Gold Has Lost Its "Safe Haven" Status
My analysis shows that gold has transformed from a defensive asset into a speculative instrument. For the first time since 2007, its 180-day volatility is trading at a premium of approximately 2.3 times the volatility of the S&P 500 index. The last time such a situation occurred, it preceded the Great Recession. After peaking around $5,500 per ounce in February, the precious metal has corrected by roughly 30%, and the current bounce from the round level of $4,000 appears more technical than fundamental.
The key trigger for the reversal is the rise in yields on 30-year US Treasury bonds to nearly 5.2% in May, a high not seen since 2007. In such conditions, non-yielding assets like gold and Bitcoin find themselves at a clear disadvantage. The ratio of gold's price to its 60-month moving average stands at a high of 1.61, a classic indicator of overheating.
Record Leverage: A Ticking Time Bomb
An even more alarming signal is the unprecedented level of leveraged speculation in US markets.

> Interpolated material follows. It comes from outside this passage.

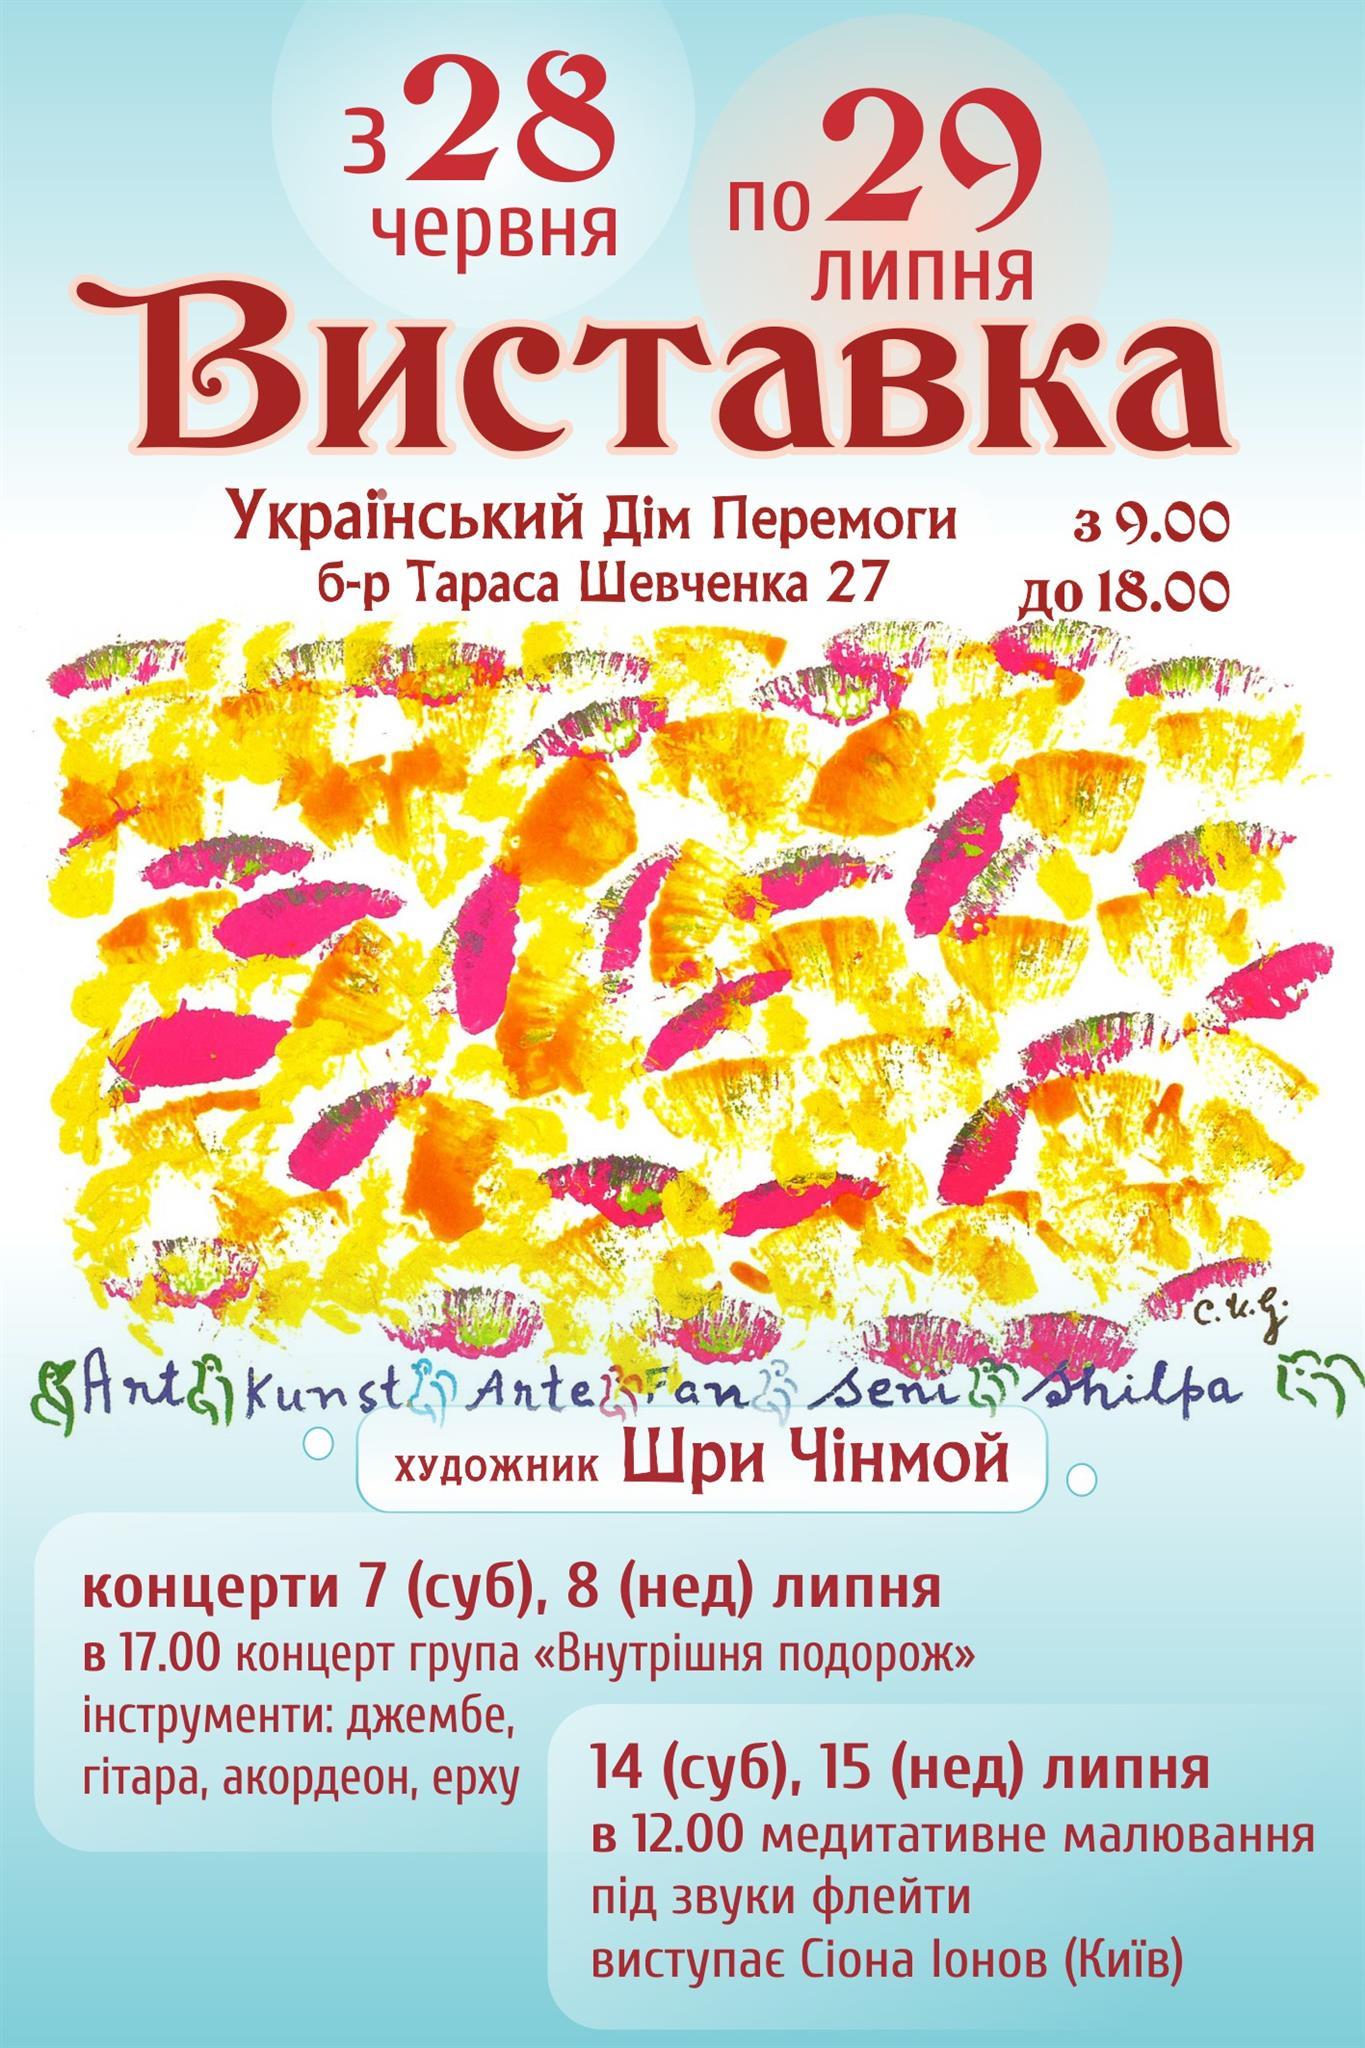 Виставка медитативного живопису, м. Тернопіль

Assets under management for US leveraged and inverse ETFs have reached a record $208 billion. However, considering double and triple leverage, the real volume of positions exceeds $460 billion. The lion's share ($320 billion) consists of triple-leveraged funds. Since the beginning of April, this figure has grown by roughly $200 billion.
Positioning has become extremely one-sided: inverse funds, which profit from declines, account for only $27 billion. For comparison, during the bear market of 2022, the total exposure of such funds was merely a fraction of current levels. The leverage embedded in US markets has never been this extreme.
Both of these observations lead to one conclusion: markets are overloaded with bets on growth, and gold itself has turned from a traditional safe haven into a speculative asset.
What Does This Mean for Bitcoin?
For Bitcoin, the signal is twofold. On one hand, if overheated markets with record leverage reverse downward, BTC, as a risk asset, could be caught in a wave of forced selling alongside equities. On the other hand, if faith in gold as a safe haven falters, some capital will sooner or later begin to seek a new refuge. And that is when Bitcoin, with its limited supply and growing institutional base, could capture this demand.
My expert opinion: The current market configuration resembles a taut string. Record leverage and overheated "safe havens" are classic harbingers of a sharp correction. For Bitcoin, the key will be not so much its movement in tandem with the stock market, but its ability to hold its ground in the event of panic and demonstrate the properties of a new digital safe haven.